Дата
Автор
Скрыт
Источник
Сохранённая копия
Original Material

День рождения

Петр Вайль


Двадцать четвертого мая Иосифу Бродскому исполнилось бы 60 лет

(Фото: Петр Вайль)

Я входил вместо дикого зверя в клетку,
выжигал свой срок и кликуху гвоздем в бараке,
жил у моря, играл в рулетку,
обедал черт знает с кем во фраке.
С высоты ледника я озирал полмира,
трижды тонул, дважды бывал распорот.
Бросил страну, что меня вскормила.
Из забывших меня можно составить город.
Я слонялся в степях, помнящих вопли гунна,
надевал на себя что сызнова входит в моду,
сеял рожь, покрывал черной толью гумна
и не пил только сухую воду.
Я впустил в свои сны вороненый зрачок конвоя,
жрал хлеб изгнанья, не оставляя корок.
Позволял моим связкам все звуки, помимо воя;
перешел на шепот. Теперь мне сорок.
Что сказать мне о жизни? Что оказалась длинной.
Только с горем я чувствую солидарность.
Но пока мне рот не забили глиной,
из него раздаваться будет лишь благодарность.

Солженицын рассердился на Бродского за первые строки его стихотворения "Я входил вместо дикого зверя в клетку...", назвал их "преувеличенно-грозными", поясняя: "Срок - первоначально 5-летний лагерный - сведен был к 17 месяцам деревенской ссылки, по гулаговским масштабам вполне детский". Последние строки этого единственного стихотворения Бродского, написанного к своему дню рождения, - слова благодарности жизни - звучат на солженицынский слух "диссонансом" при "сплошном тускло-мрачном восприятии мира" ("Новый мир" # 12, 1999).

"Я глуховат, я, Боже, слеповат..." - писал о себе Бродский с очень свойственным ему (как никому, пожалуй, в русской поэзии) принижением авторского "я". Однако в течение многих лет его стихи сопровождают глуховатость и слеповатость читателей, слышащих и видящих в нем лишь певца печали. Хотя при непредвзятом чтении Бродского несомненна живущая вместе со скорбью радость бытия, и кажется совершенно ясным, почему в стихотворении к своему сороковому дню рождения коллизии "детского" срока поданы такими яркими красками (кстати, в жизни Бродский никогда не делал упор на своих судебно-ссыльных испытаниях, напротив - переводил разговор, снижал градус). Клетка и барак - часть того огромного разнообразия, которое жизнь щедро обрушивает на человека. Рядом с тюрьмой в первом же четверостишии не случайно стоят море, рулетка, обед во фраке - по видимости противоположные, а по сути равнозначные явления и эпизоды, потому что все это - события судьбы.

Такую чересполосицу Бродский сознательно и последовательно нагнетает на протяжении всех двадцати строк.
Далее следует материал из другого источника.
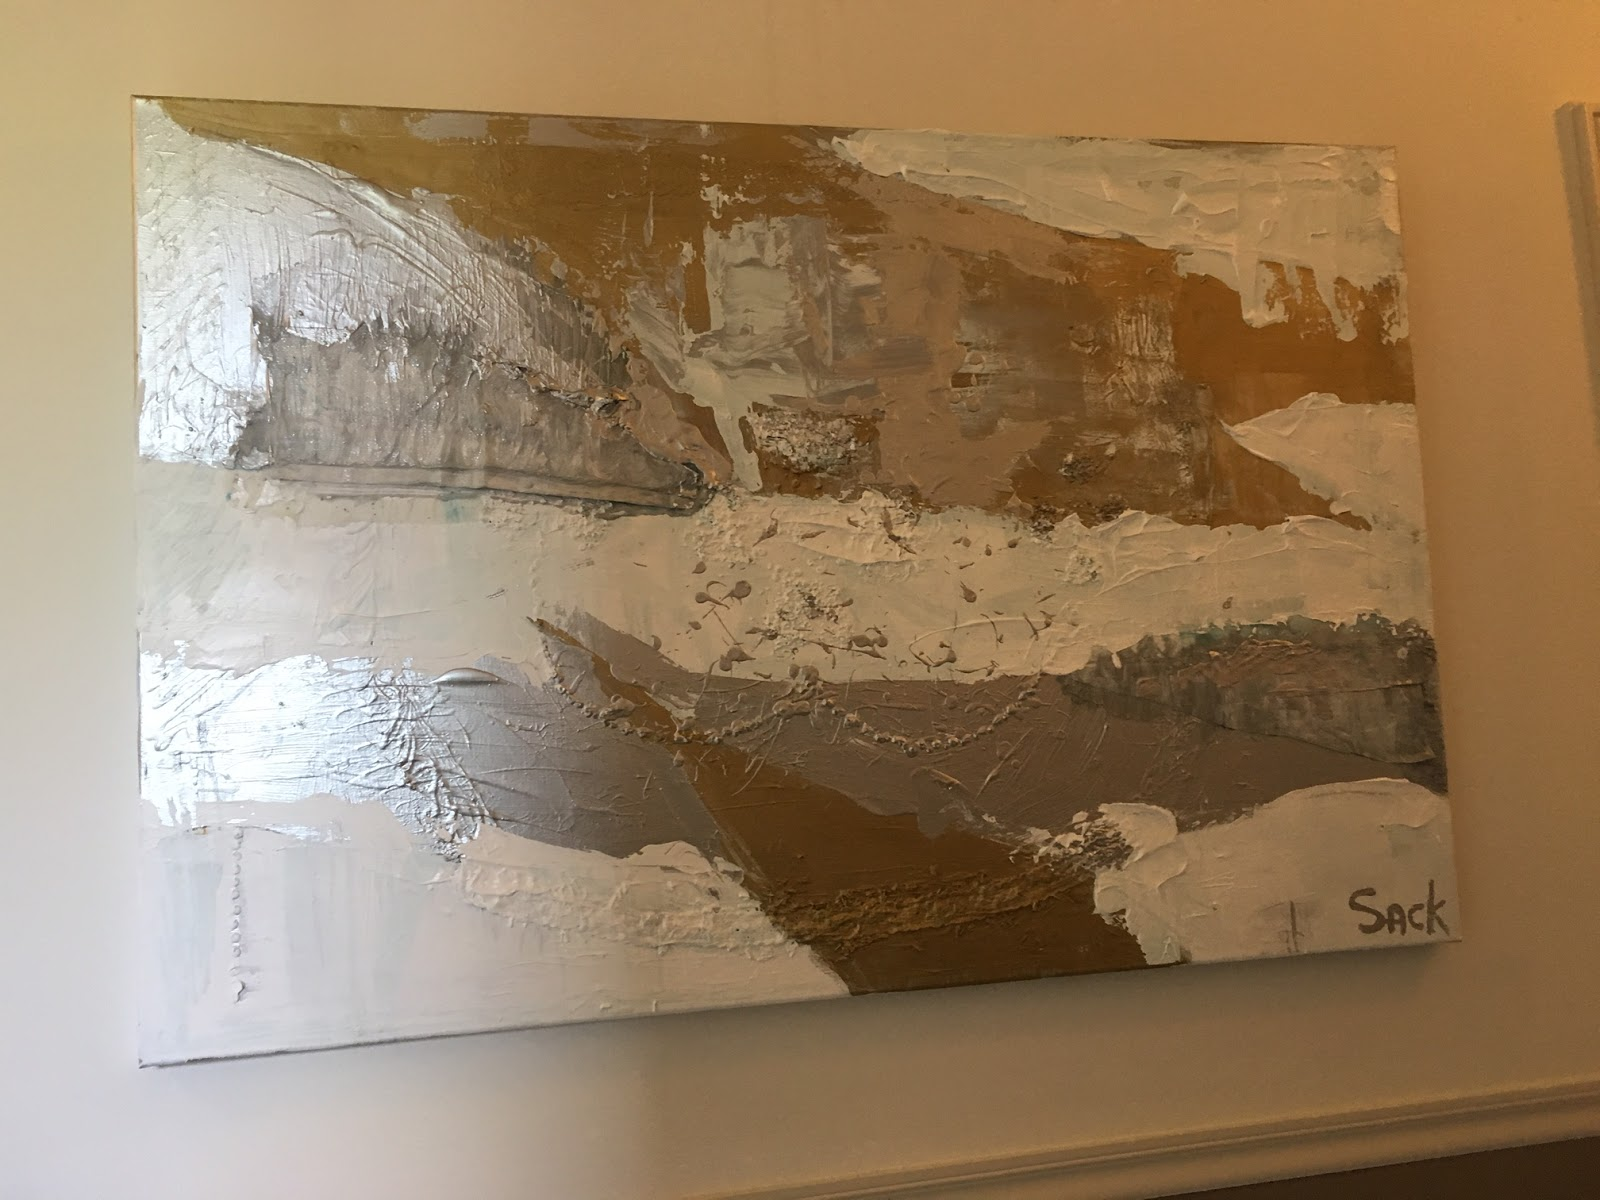 Vaak Abstracte schilderijen   sack atelier &QL27

Стихотворение - как кардиограмма: всплеск пафоса сменяется иронической усмешкой. После "воплей гунна" - строка, которую впору сделать рубрикой журнала мод; если "хлеб изгнанья" - то "жрал... не оставляя корок". Рядом с близостью смерти ("тонул", "бывал распорот") - даль жизни ("озирал полмира").

Главная интонация тут может быть выражена оксюмороном - спокойный восторг. Прочувствованное и обдуманное восхищение перед многообразием и непредсказуемостью. Это пушкинская линия русской словесности - то торжествующая, то отступающая, но не пресекавшаяся никогда (таким ощущением восторженного смирения одушевлена строка младшего современника Бродского - Сергея Гандлевского: "Много все-таки жизни досталось мне").

Ни малейшего признака "сплошного тускло-мрачного восприятия", и потому, конечно же, не "диссонансом", а стройным и логичным аккордом звучит финал стихотворения Иосифа Бродского. Сорокалетний поэт обнаружил, что жизнь "оказалась длинной" и переполненной - событиями, людьми, мыслями, чувствами. Ему было отмерено еще полтора десятка лет - таких же длинных и полных. Он написал еще много стихов и прозы, не уставая дивиться жизненным кульбитам, на все лады варьируя последнюю строчку стихотворения к своему дню рождения - о благодарности.